JAKARTA – Pangkostrad Letjen TNI Mohammad Fadjar meresmikan Markas Batalyon Intai Tempur (Yontaipur) di tempat Serang, Cikarang Selatan, Daerah Bekasi. Pembangunan tahap 1 dengan lahan seluas 3,3 haktare itu baru dibangun Markas Batalyon, Rumah Dinas serta beberapa jumlah prasarana lainnya.
“Jadi pembangunan tahan 1 ini meliputi sasaran pekerjaan Markas Batalyon, Barak, lima rumah dinas, rumah jaga, Gapura Kesatrian dan juga pekerjaan pematangan lahan juga infrastruktur,” ujarnya, Kamis (9/1/2025).
Fadjar juga menjelaskan, pihaknya akan memulai konstruksi tahap dua pada Februari 2025 mendatang. Nantinya, pembangunan tahap 2 akan memakan anggaran sekitar Rp180 miliar.
“Nah di area tahap 2 itu anggarannya berasal dari pusat atau angkatan darat sebesar Rp130 miliar, tetapi Pemda Daerah Bekasi juga memberikan hibah menyokong untuk percepatan konstruksi beberapa orang Rp50 miliar,” katanya.
Fadjar menjelaskan anggaran yang dari Pemda, akan digunakan untuk penyelenggaraan sarana jalan, perkembangan infrastruktur serta merancang turap dalam sungai Cimahabang.
“Satu untuk menambah infrastruktur perkembangan sarana jalan dan juga juga bangunan, yaitu Rp30 miliar. Kemudian yang digunakan Rp20 miliar adalah untuk merancang turap yang dimaksud ada di dalam sektor timur dari satuan ini,” jelasnya.
Fadjar menuturkan, Yontaipur Bekasi ini disediakan rumah yang dimaksud dapat ditempati keluarga prajurit yang mana sedang bertugas.
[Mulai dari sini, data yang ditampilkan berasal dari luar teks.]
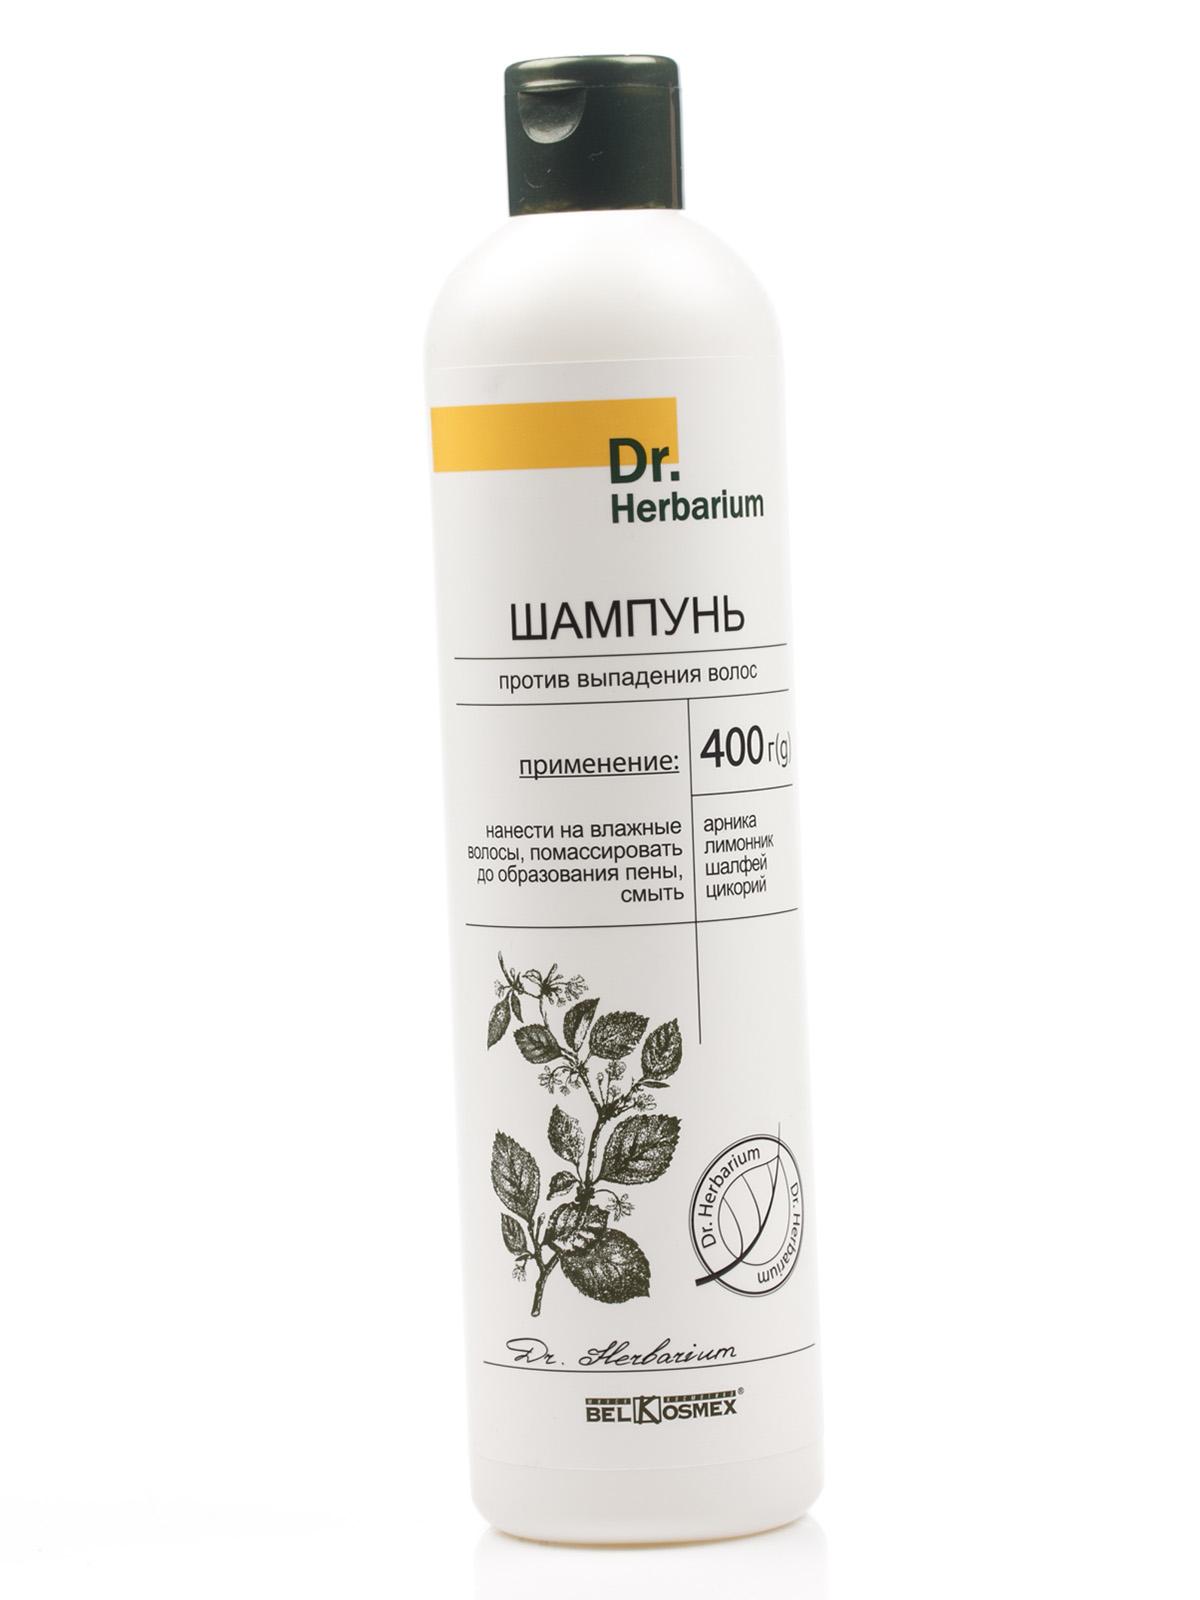 Список лечебных шампуней от перхоти, продающихся в аптеке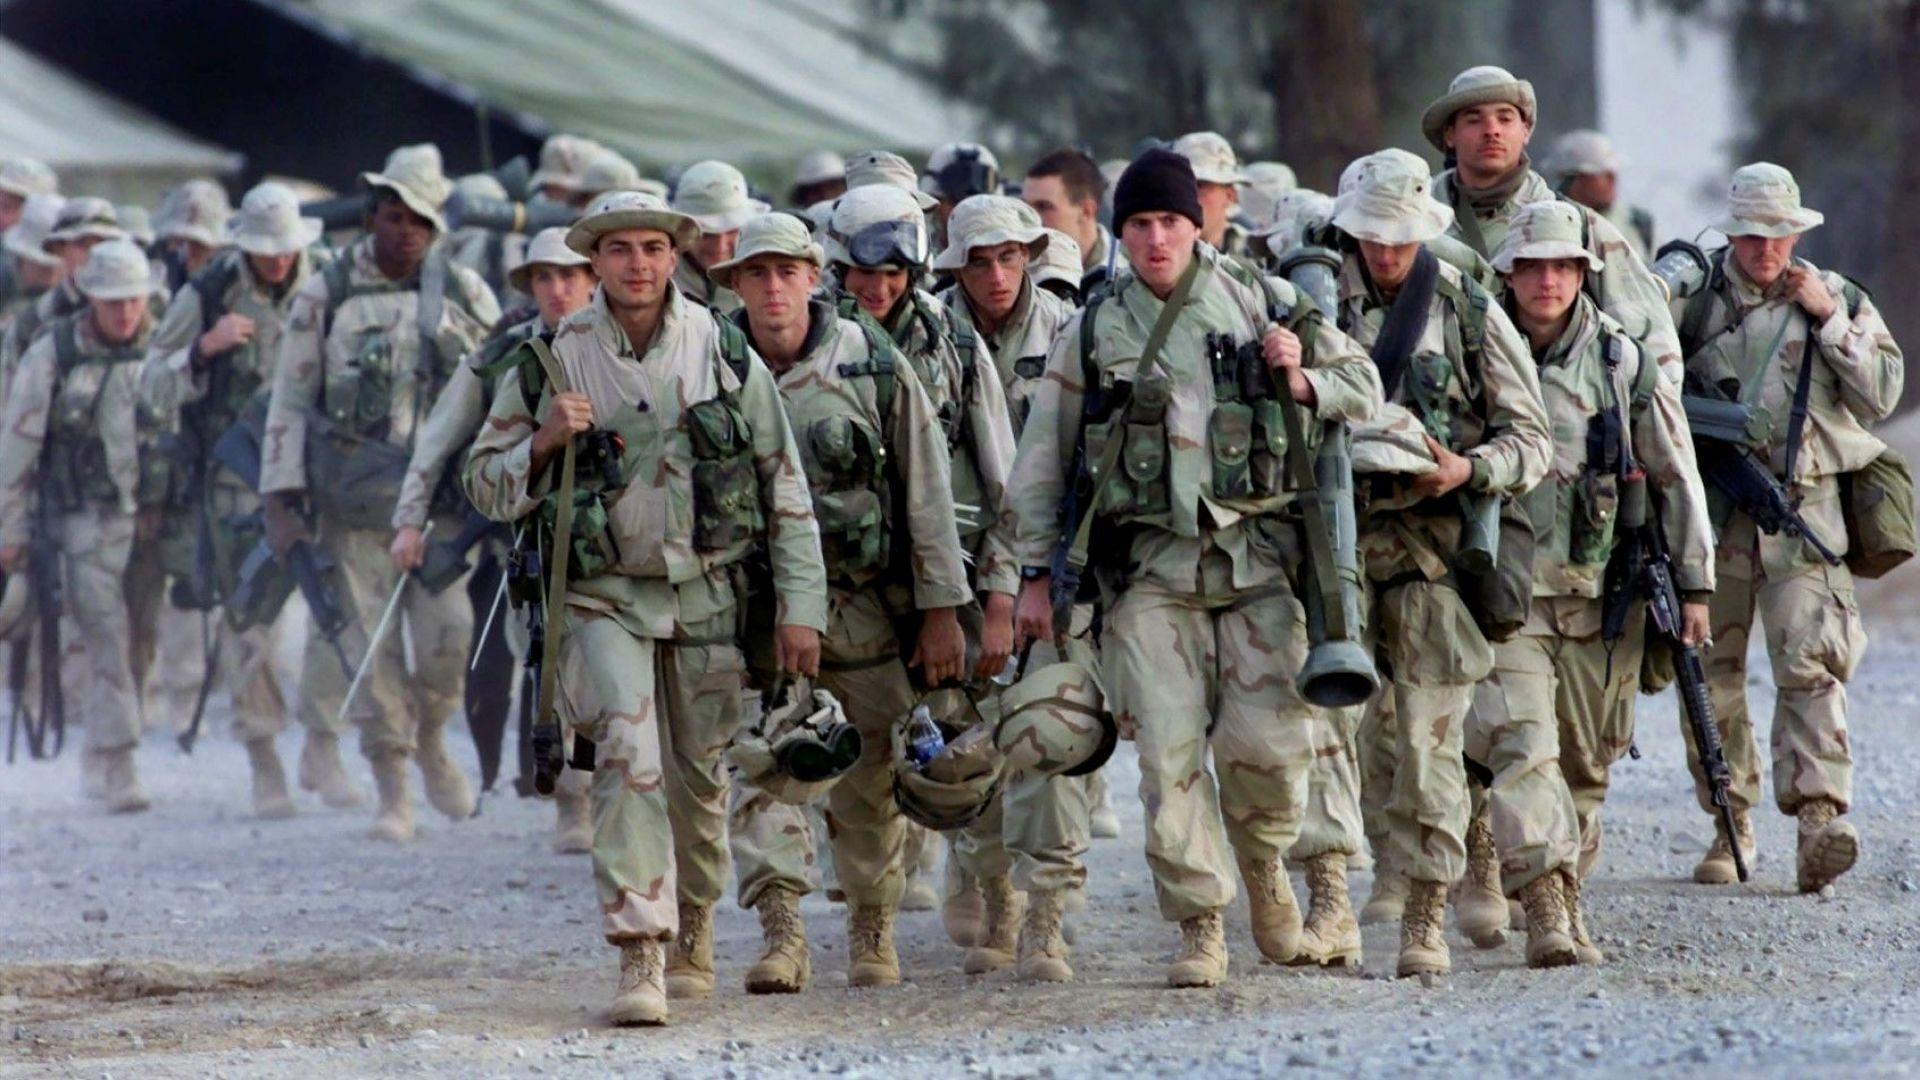 Изтеглянето на американските войски от Афганистан започва на 1 май и приключва на знаковия 11 септември

Selain itu, lahan yang digunakan cukup luas dapat membantu prajurit lebih tinggi profesional pada waktu melakukan latihan.
“Tentunya prajurit-prajurut menjadi tambahan profesional lantaran ia juga punya lahan sendiri untuk berlatih serta menyiapkan alutsisanya pada sini. Dengan ia punya pangkalan, punya perumahan, keluarganya bisa saja jadi satu, jadi merekan morilnya, kesejahteraannya jadi lebih besar tinggi, itu harapan kita secara umum ya,” lanjutnya.
Selain menambah keamanan, Fadhar menambahkan, keberadaan Yontaipur juga dapat dimanfaatkan oleh warga sekitar. Bahkan, pihaknya pun akan memberikan wawasan kebangsaan.
“Bahkan nanti kalau publik di area sini, adik-adik misalnya lagi hari libur, mau outbound, mau dapat pencerahan tentang wawasan kebangsaan, memang sebenarnya enggak. Nanti diatur sejenis teman-teman batalyon,” ujarnya.